━━━ DATA SECTION

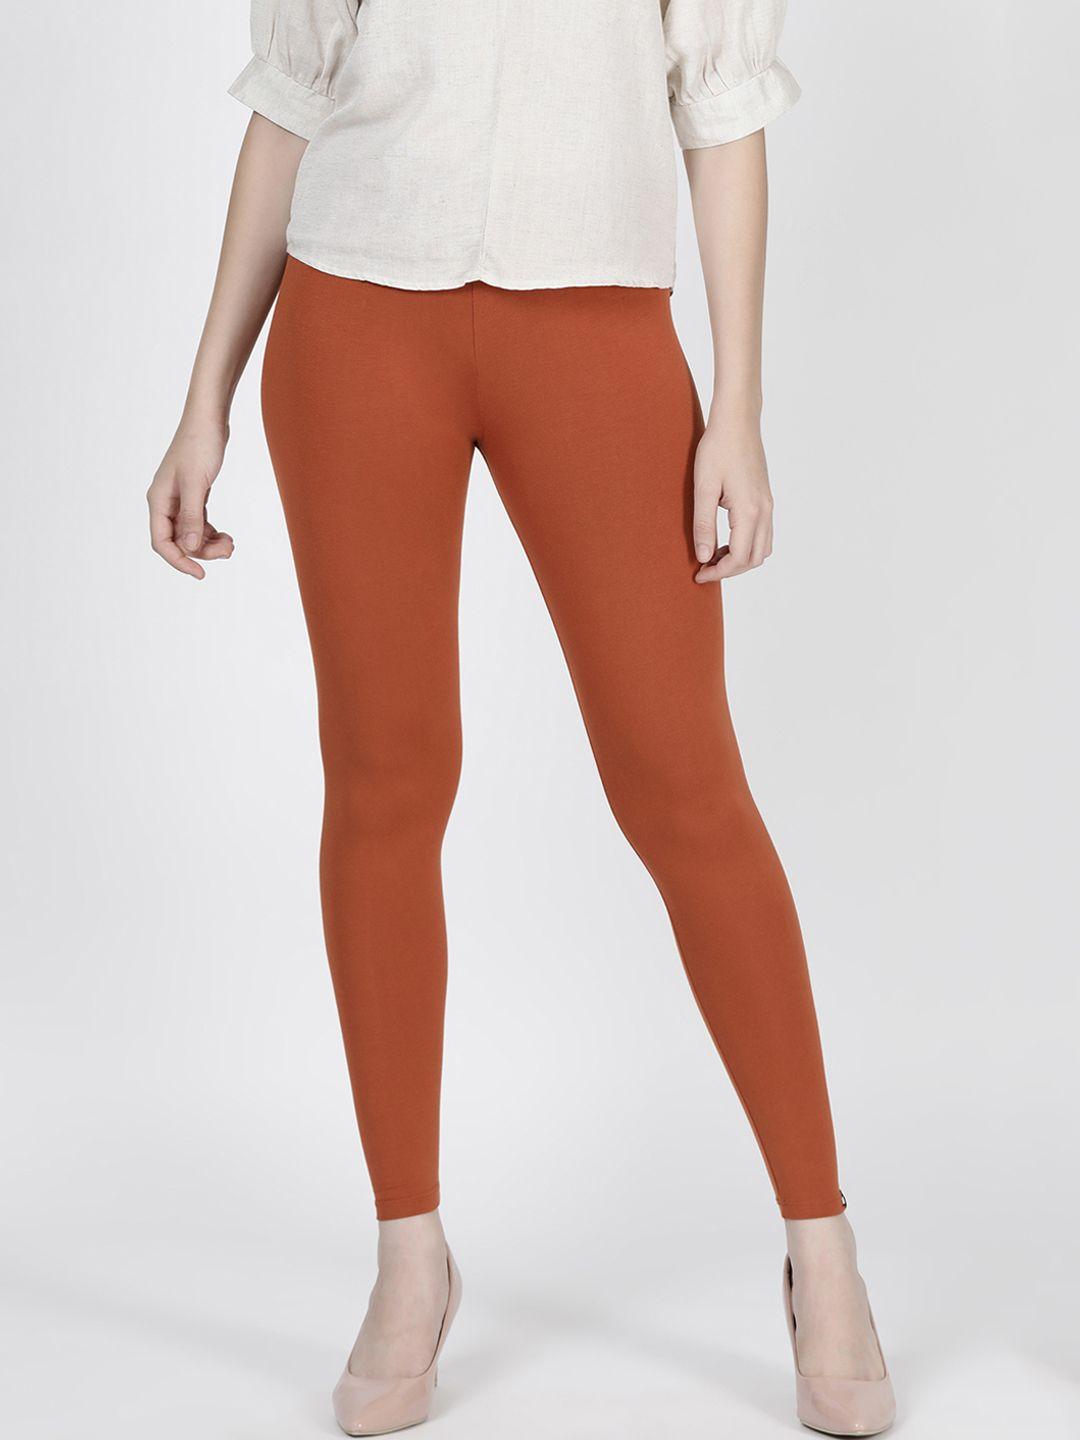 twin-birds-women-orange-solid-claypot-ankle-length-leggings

━━━━━━
━━━ DATA SECTION

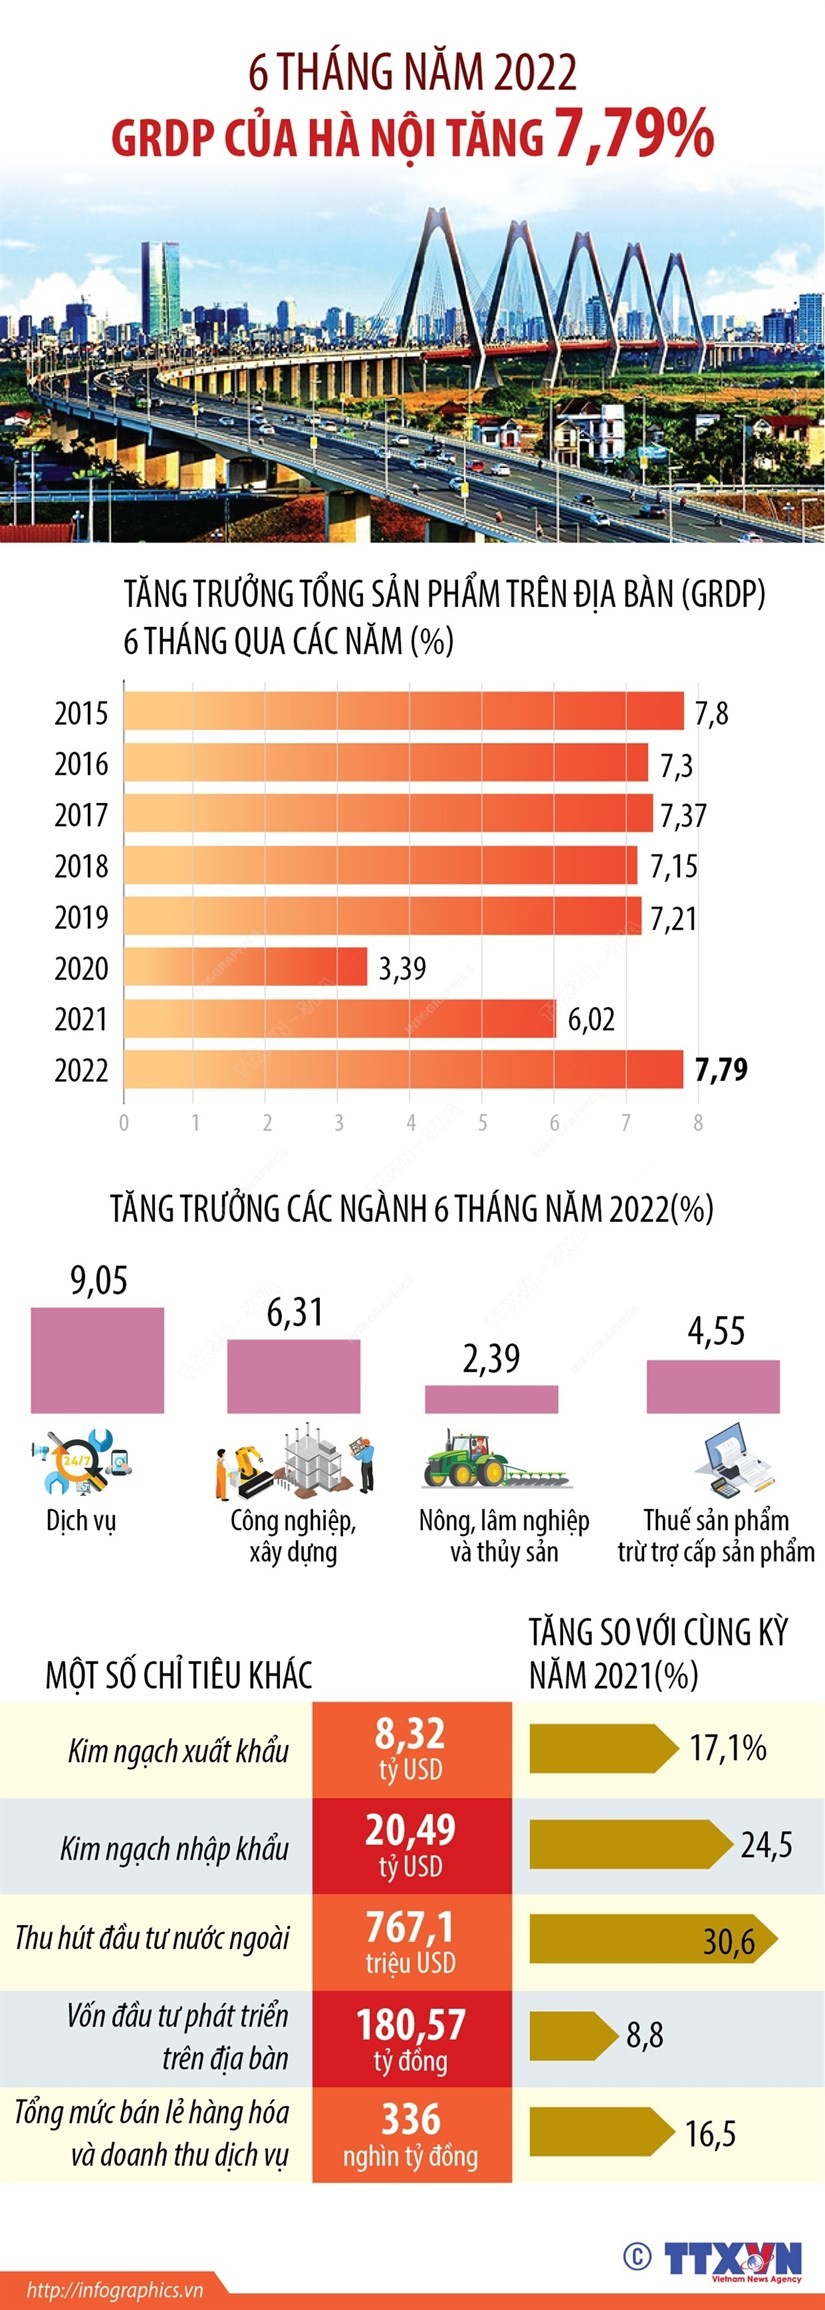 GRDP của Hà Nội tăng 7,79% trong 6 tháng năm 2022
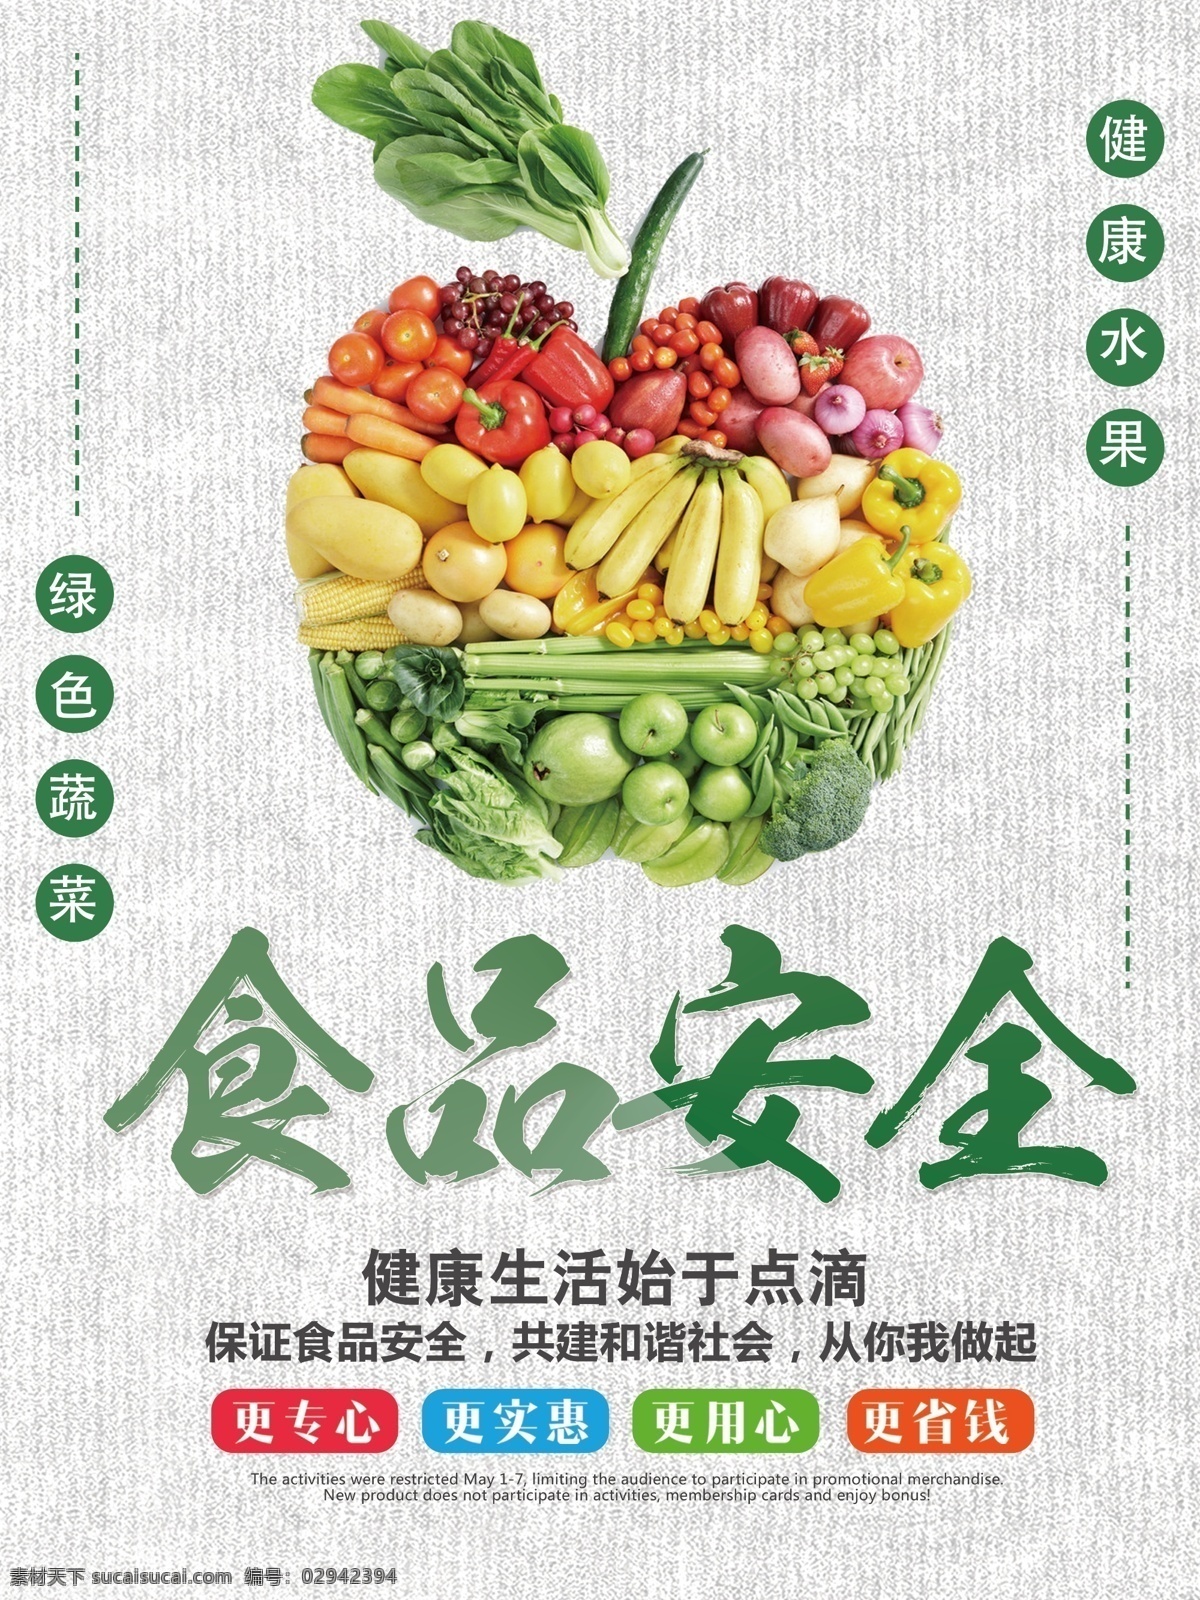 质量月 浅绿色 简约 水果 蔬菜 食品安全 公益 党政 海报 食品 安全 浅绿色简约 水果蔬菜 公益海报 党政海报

━━━━━━
━━━ DATA SECTION

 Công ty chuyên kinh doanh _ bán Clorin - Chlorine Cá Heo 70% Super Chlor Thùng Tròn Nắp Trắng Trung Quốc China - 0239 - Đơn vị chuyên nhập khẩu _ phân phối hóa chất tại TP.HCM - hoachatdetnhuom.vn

━━━━━━

• _WORK INSTRUCTIONS_:
The lines to reproduce run from the one above containing "GRDP của Hà" through the one containing "质量月 浅绿色 简约 水果". Copy them exactly and leave out all pictures.

• _ANSWER TO THE PROBLEM_:
 GRDP của Hà Nội tăng 7,79% trong 6 tháng năm 2022
 质量月 浅绿色 简约 水果 蔬菜 食品安全 公益 党政 海报 食品 安全 浅绿色简约 水果蔬菜 公益海报 党政海报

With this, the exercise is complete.